I shot a bear in twiggs the very first year the opened the season. Dnr was awful. The lack of professionalism they showed them was awful. I understand they don't want them to be shot but there are a lot of bears there and they opened a season for a reason. I was completely obeying the law and when we left our club that afternoon after I checked mine in they had a road block set up and gave us all the third degree and we were just going to eat dinner. Also I'm pro law enforcement. I'm a former law enforcement officer. Every time I've dealt with dnr it's been a pleasurable experience except for the bear season there


----------



## thumper523 (Dec 8, 2016)

Dustin4106 said:


> I shot a bear in twiggs the very first year the opened the season. Dnr was awful. The lack of professionalism they showed them was awful. I understand they don't want them to be shot but there are a lot of bears there and they opened a season for a reason.
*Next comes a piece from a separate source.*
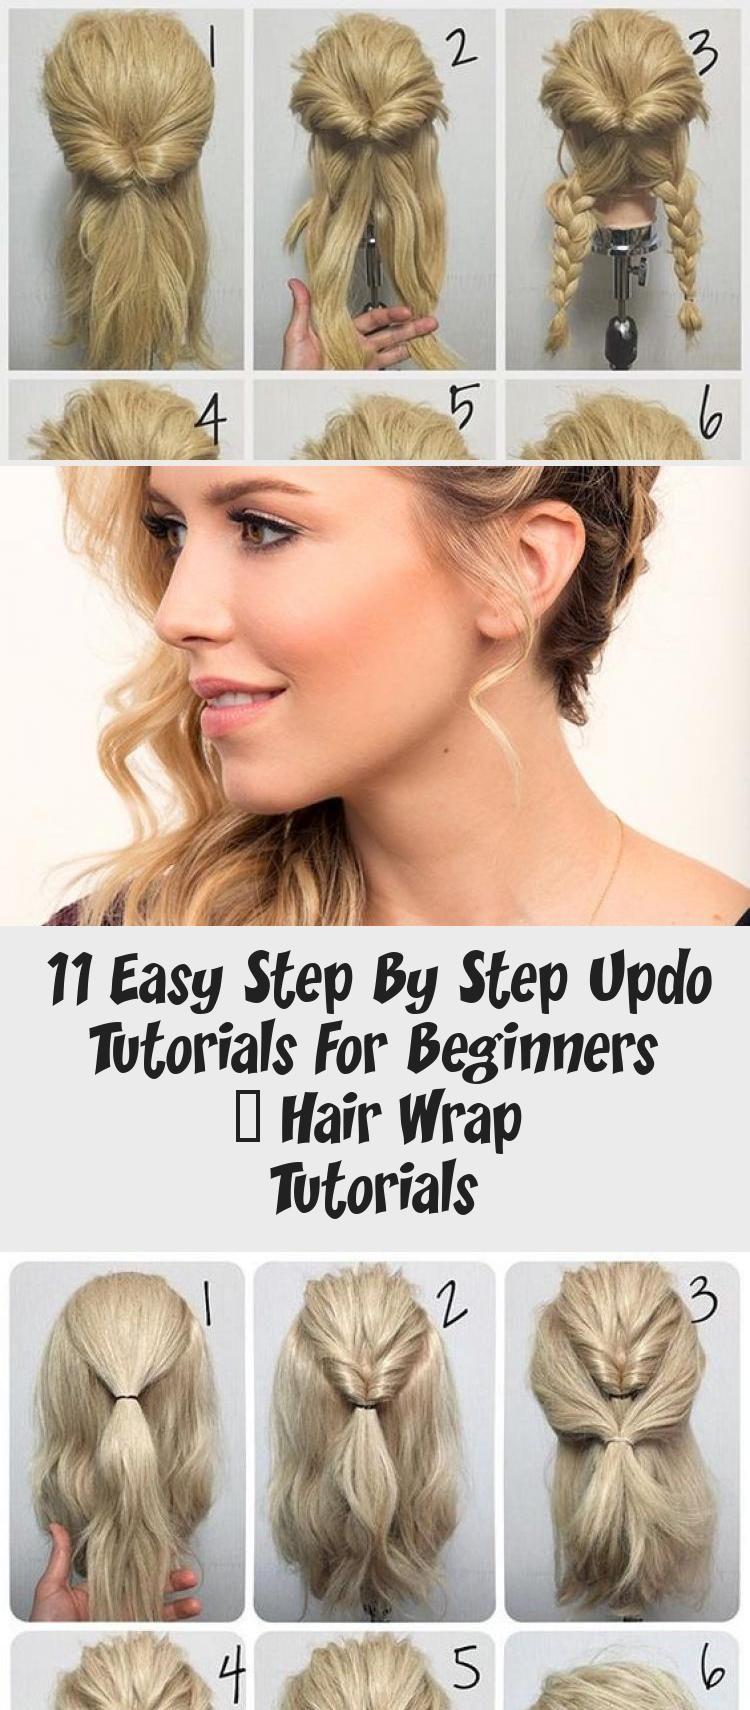 Step By Step Hair Tutorials 1920shairtutorial Hairtutorialblackwomen Longhairtutorial Hairtutorialquic In 2020 Hair Tutorial Quick Long Hair Tutorial Updo Tutorial

I was completely obeying the law and when we left our club that afternoon after I checked mine in they had a road block set up and gave us all the third degree and we were just going to eat dinner. Also I'm pro law enforcement. I'm a former law enforcement officer. Every time I've dealt with dnr it's been a pleasurable experience except for the bear season there



Guy killed one about 4 years ago and said same thing. DNR ragged him for shooting a 200# sow. And yeah, I've been road checked too. Also, don't haul a bear for friend, that's evidence on you.


----------



## Joe Brandon (Dec 11, 2016)

Let us know who yall do!


----------



## thumper523 (Dec 12, 2016)

*No success*

Guy in club got a shot at one but missed, think he was shaking too bad. The one I got on camera never showed up.
There was very little sign as I think the cold weather had them laid up.


----------



## SkeeterZX225 (Dec 14, 2016)

http://www.wsbradio.com/ap/ap/georgia/study-middle-georgia-bear-population-higher-than-t/ntMkM/

says 10 were killed in mid georgia, AND...the population is larger than originally thought. I could have told them that!


----------



## Joe Brandon (Dec 14, 2016)

SkeeterZX225 said:


> http://www.wsbradio.com/ap/ap/georgia/study-middle-georgia-bear-population-higher-than-t/ntMkM/
> 
> says 10 were killed in mid georgia, AND...the population is larger than originally thought. I could have told them that!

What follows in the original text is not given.